2) Build Your Path With Signposts. I am very grateful to those wise voices within the Apple ecosystem who have been leaving breadcrumbs along the path. Breadcrumbs aren’t enough. Build signs, and let us help show you the sections of the path where we’re walking in the grass because it’s more efficient.
3) Focus on Building Great Software and Hardware. I’m not going to retread Marco Arment’s “Functional High Ground” argument, because I didn’t totally agree then, or now, but I will say that the number of users who have pushed back against software changes for change’s sake has been substantial, and it’s leading to questions like “What is going on over there?!” from a lot of corners I never would have expected. I know so many Apple employees who just want to build amazing things, please help them find the way toward building things that we can all use and love, even if it means slowing your pace to get them right. I don’t think I’m the first person to say this, I won’t be the last, but this isn’t iterate or die season unless you’re iterating badly.
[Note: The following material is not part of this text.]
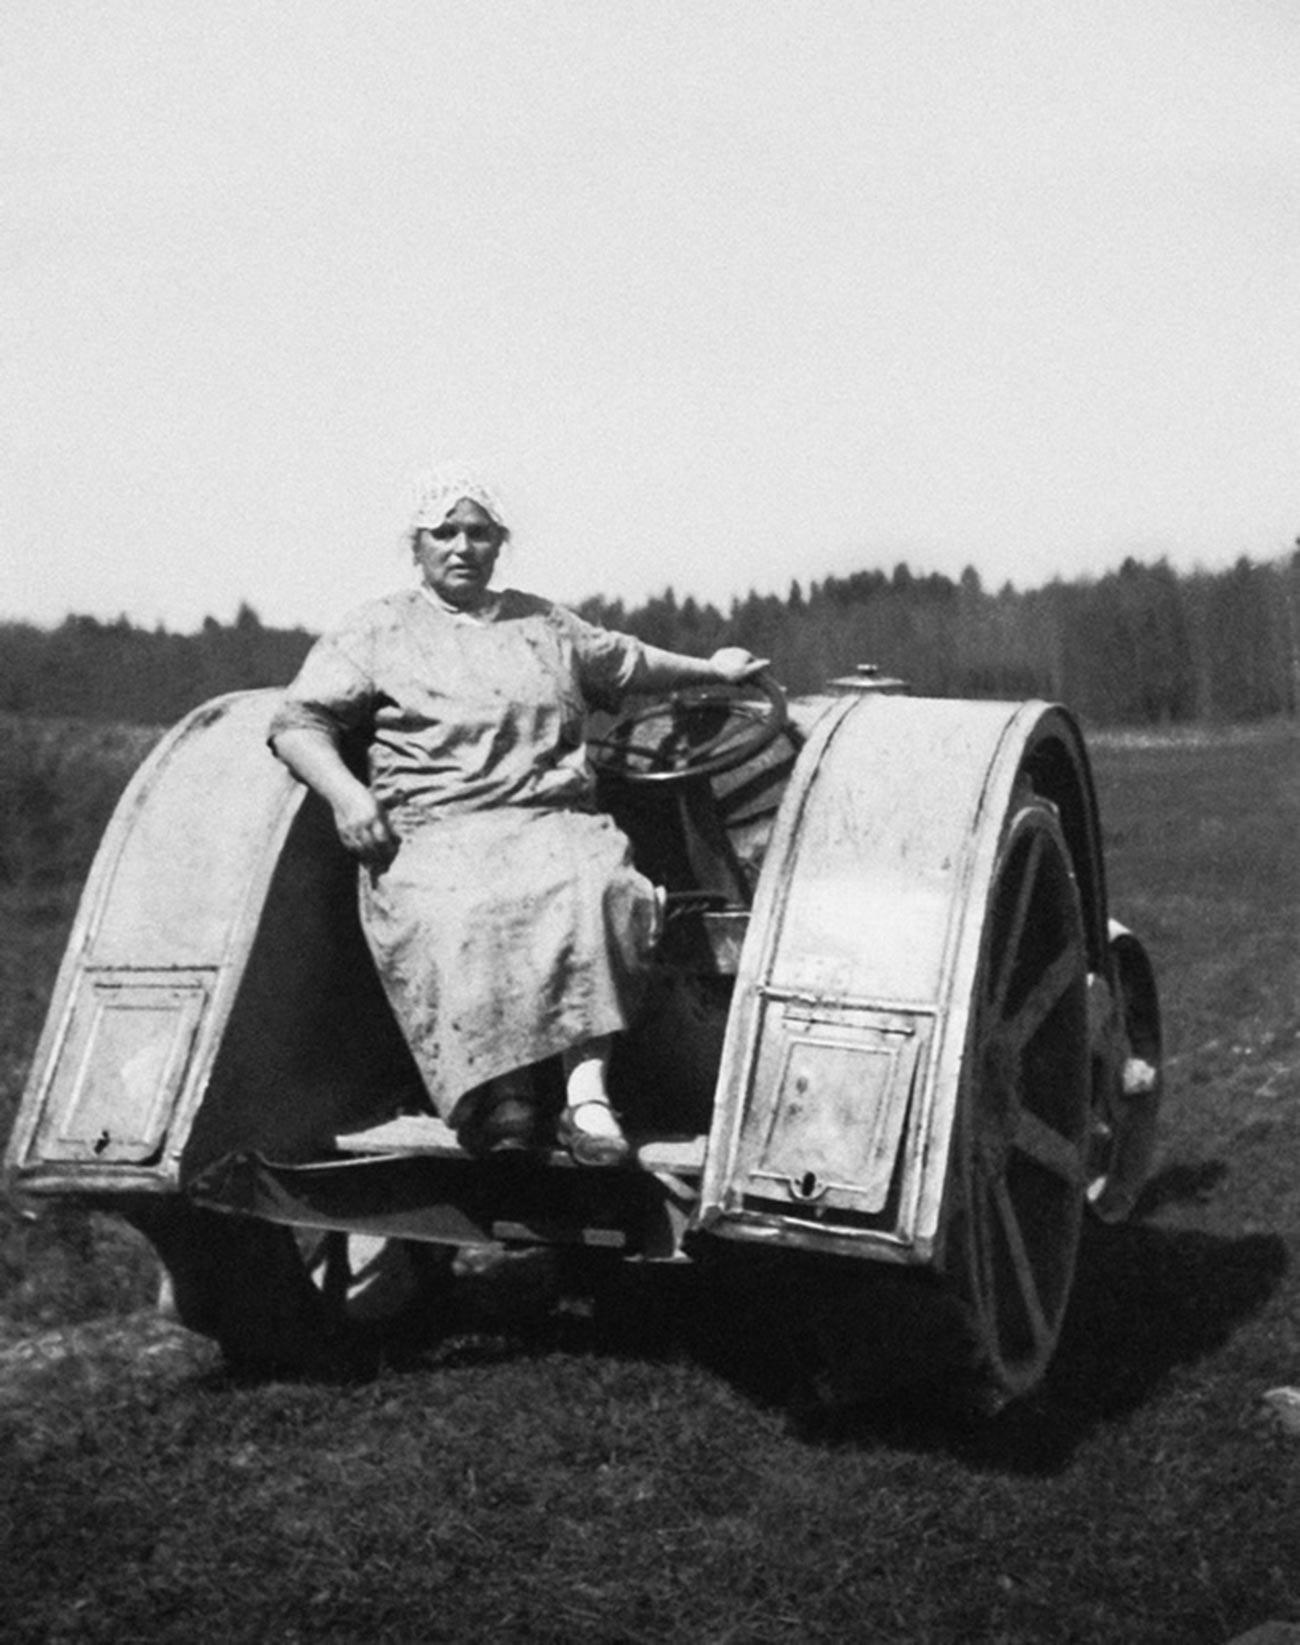 Seorang perempuan tua berpose di atas traktor.

I’ve spent ten years building our practice to support the Mac, and the last four years to programmatically support the iPad and the iPhone. I am all-in on this, and I know so, so, so many other admins and consultants and technicians who are right there on the front lines with me. We just want to make this all work, and more importantly, work well, so that we’re not stumbling about in the dark.
I know this runs against the grain of Apple’s longterm goal of producing incredible products in secrecy, showing them only when the time is right. I understand that the stock market is a weird thing that makes disclosures subject to regulation. There must be a way to innovate around these restrictions and provide good guidance toward the future without speaking in vagueries and platitudes. Please help us see this. Thursday didn’t help.
(1) Please don’t bring up Profile Manager. I still have scars. It doesn’t count.